There was also concerns regarding the routing of the different components and the total system. All routing were done in order to minimize area of overlap between the different metal layers and thus minimizing coupling noise. Routing of the power rails were done according to the finger structure with vdd and ground connections entering the circuit from opposite sides.

In order to reduce the number of pads required 48 of the outputs were multiplexed in six 8-to-1 multiplexers (MUX’s). The MUX’s then had to handle a shifting frequency of 20MHz × 8 = 160MHz. Pre-designed MUX’s were available in a library provided by the supplier of the design kit, however no specifications regarding performance were provided.

Buffers capable of driving a load of 1pF were designed in order to provide driving capability to the output pads, which according to the documentation provided a load of up to 0.85pF for some of the pads. Layout of these buffers is shown in appendix B.

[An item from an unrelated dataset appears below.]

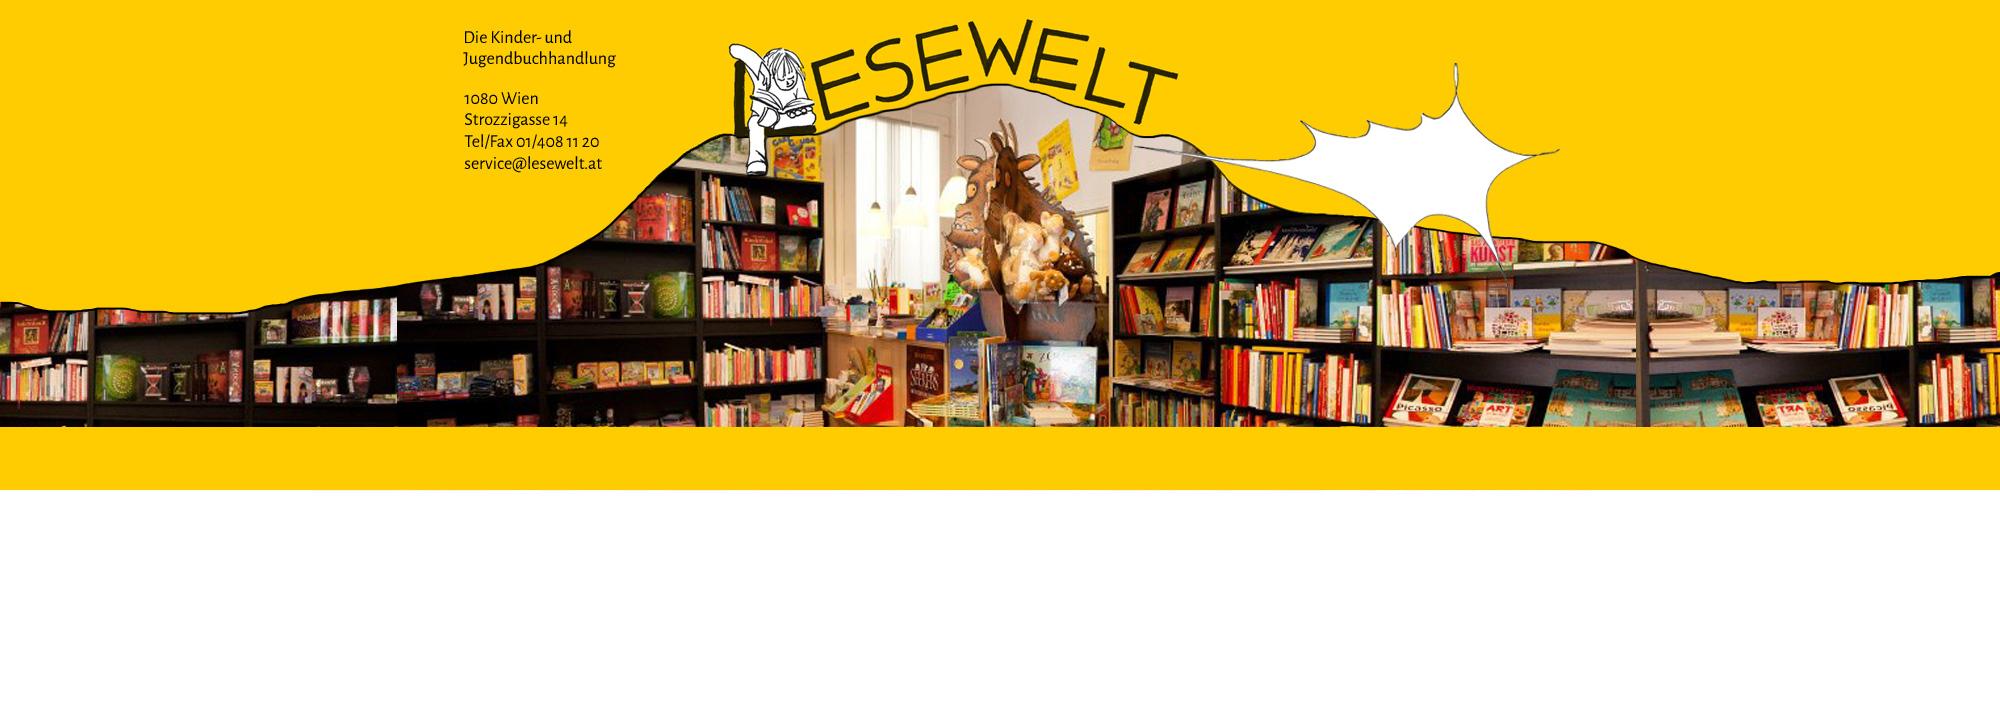 Vorlesestunden Und Veranstaltungen Lesewelt Kinder Und
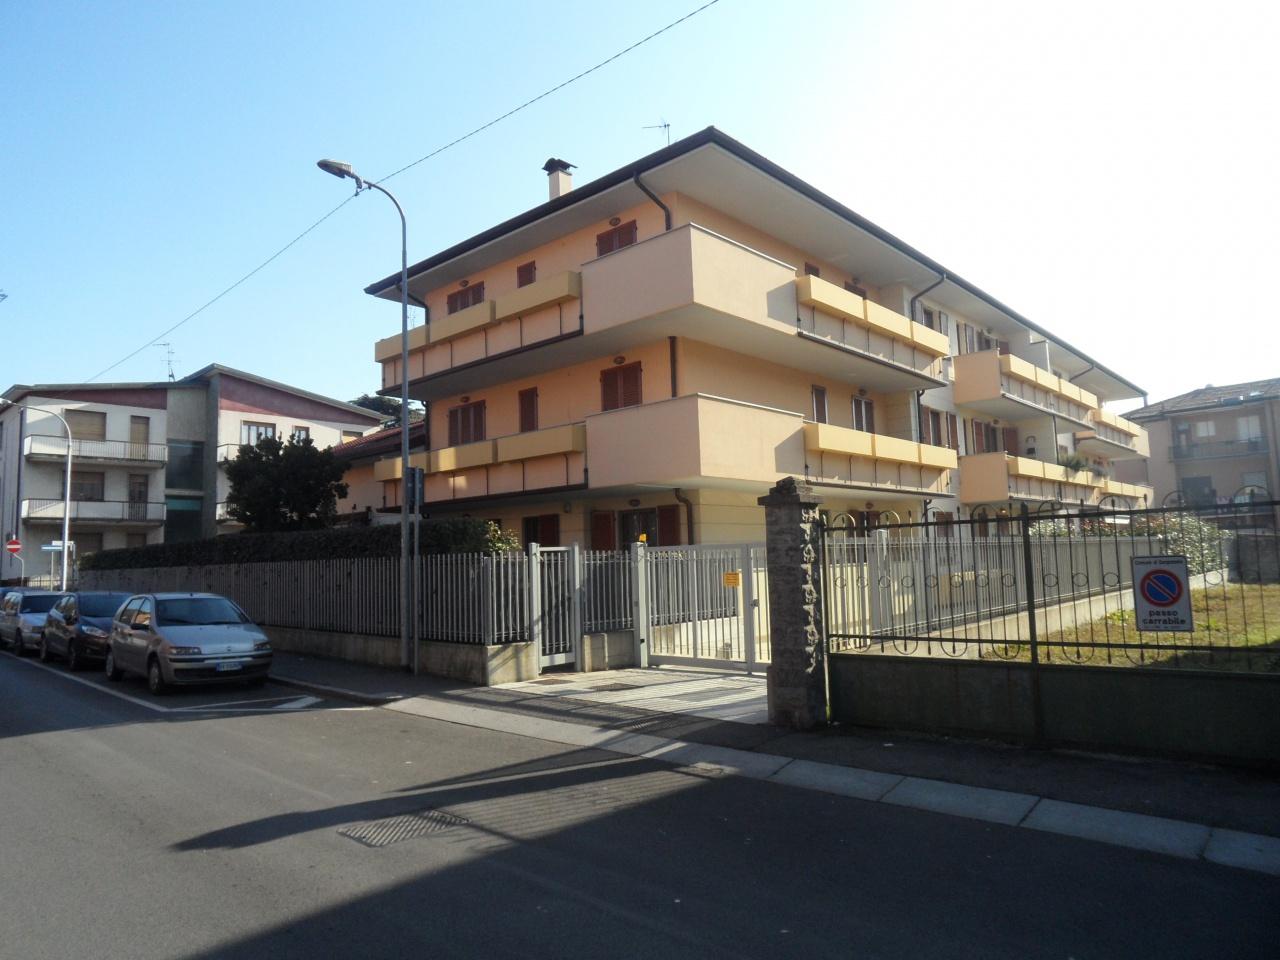 Appartamento in vendita a Gorgonzola, 3 locali, prezzo € 263.000 | CambioCasa.it

The RAKE-receiver contains over 103000 transistors performing a significant number of operations per second (ops). The sampled signal enter the matrix at a rate of 20 MHz resulting in a number of 50 correlation operations per finger per clock period. As the number of fingers is 50, this result in a total number of 2500 ops per clock period, leading to a number of 5 Gops. Main specifications of the circuit is presented in table 5.2.
Figure 5.13: Corner simulations on the RAKE finger. It is clear that the different corners in the simulations affect the bias voltage necessary for the desired percentage of match. The simulations also show that the circuit performance depend most on the properties of the pMOS. A slow or fast pMOS has a larger effect on the performance than a slow or fast nMOS.

The size of the complete receiver structure is 993 µm by 682 µm. Figure 5.14 show a picture of the RAKE-receiver. On the left side the delay line can be seen, while on the right side the six multiplexers and the output from the comparators are easily observed.

Some additional circuits were added for verification purposes, like buffered outputs from the delay line, template shift register and the combiner line at the top finger.

5.6 Summary

There are a lot of concerns to be considered in designing a structure like the RAKE receiver. At this point the main concern was the overall functionality at an operating speed of 20 MHz, with the possibility of
5.6 Summary

<table>
<thead>
<tr>
<th>Characteristic</th>
<th>Unit</th>
</tr>
</thead>
<tbody>
<tr>
<td>Layout area</td>
<td>993μm x 682μm</td>
</tr>
<tr>
<td>Chip area</td>
<td>1.8mm x 1.3mm</td>
</tr>
<tr>
<td>Technology</td>
<td>0.12μm Standard CMOS process</td>
</tr>
<tr>
<td>Number of transistors</td>
<td>over 103000</td>
</tr>
<tr>
<td>Supply voltage</td>
<td>1V- 1.2V</td>
</tr>
<tr>
<td>Operations /second</td>
<td>5Gops</td>
</tr>
<tr>
<td>Power consumption of 50x50 matrix</td>
<td>~ 50μW</td>
</tr>
<tr>
<td>Power consumption of delay line</td>
<td>~ 1.5mW</td>
</tr>
<tr>
<td>Sampling clock frequency</td>
<td>20MHz</td>
</tr>
</tbody>
</table>

Table 5.2: Table of the circuit specifications. The maximum power consumption is in the case of match at every correlator and a delay line running at 1 GHz.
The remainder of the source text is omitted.